I've tried running the code in this PR, but I'm getting the following error:

AttributeError: module 'triton.language' has no attribute 'constexpr'

when installing xformers with pip install git+https://github.com/facebookresearch/xformers@51dd119#egg=xformers

Do I need a specific version of triton cc @MatthieuTPHR ?

specifically triton == 2.0.0.dev20220701 will work, it needs to be updated on xformers but that's WIP (the newer ones break a couple of kernels)
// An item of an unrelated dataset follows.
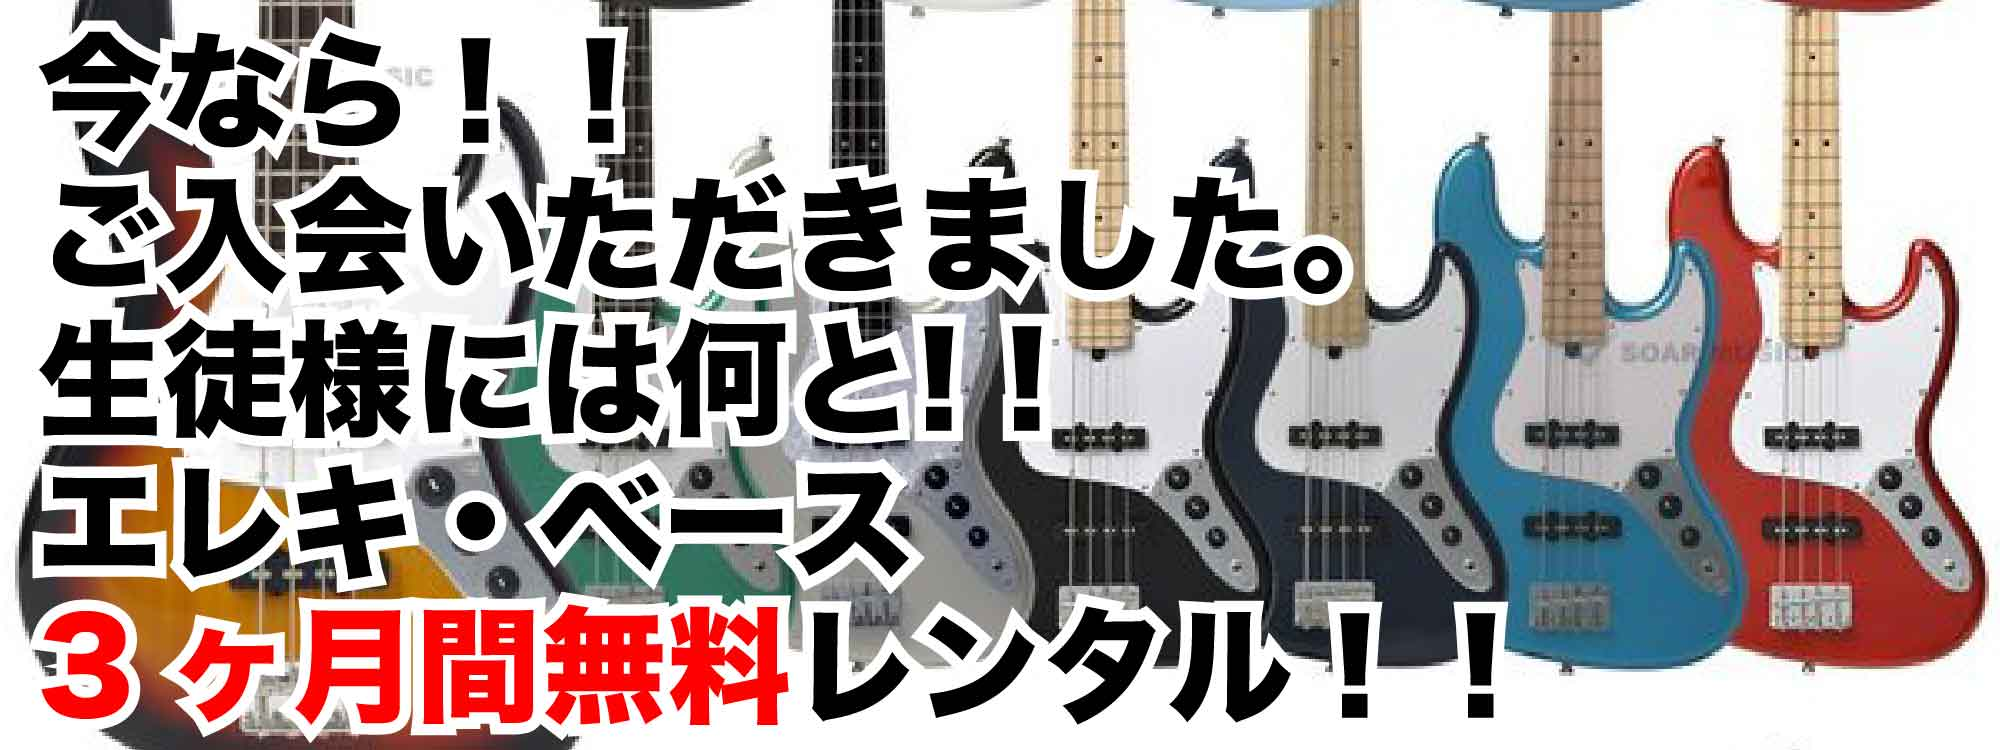 今ならご入会の方にのみエレキベース3ヶ月無料レンタル(feelギター教室 西東京市田無校)

edit: but no triton installed should also work actually

blefaudeux avatar Sep 16 '22 15:09 blefaudeux

I'm testing on a NVIDIA TITAN RTX on this branch with the following package dependencies:

- CUDA Version: 11.6
- torch: 1.12.1+cu102
- xformers: 0.0.13.dev (installed with `pip install git+https://github.com/facebookresearch/xformers@51dd119#egg=xformers`)
- triton: 2.0.0 (installed with `pip install triton==2.0.0.dev20220701`)

Note:

When I import xformers I'm getting:

libtorch_cuda_cu.so: cannot open shared object file: No such file or directory
WARNING:root:WARNING: libtorch_cuda_cu.so: cannot open shared object file: No such file or directory
Need to compile C++ extensions to get sparse attention suport. Please run python setup.py build develop
0.0.13.dev

With this setup I'm running:

from diffusers import StableDiffusionPipeline
import numpy as np
import torch

model_id = "CompVis/stable-diffusion-v1-4"
pipe = StableDiffusionPipeline.from_pretrained(
    model_id,
    use_auth_token=True,
)
pipe.to("cuda")

prompt = "A fantasy landscape, trending on artstation"
generator = torch.Generator(device="cuda").manual_seed(0)

with torch.autocast("cuda"):
    output = pipe(prompt=prompt, guidance_scale=7.5, generator=generator, output_type="np")

print(np.sum(np.abs(output.images[:3, :3, :3, :3])))
mem_bytes = torch.cuda.max_memory_allocated()
print(mem_bytes)
  1. Without xformers simply on the current main branch. Without xformers I'm getting: 9.15iterations/sec
  2. I'm running on this branch with:
export USE_MEMORY_EFFICIENT_ATTENTION=1

And I'm getting the exact same speed.

Any ideas what could be the problem here?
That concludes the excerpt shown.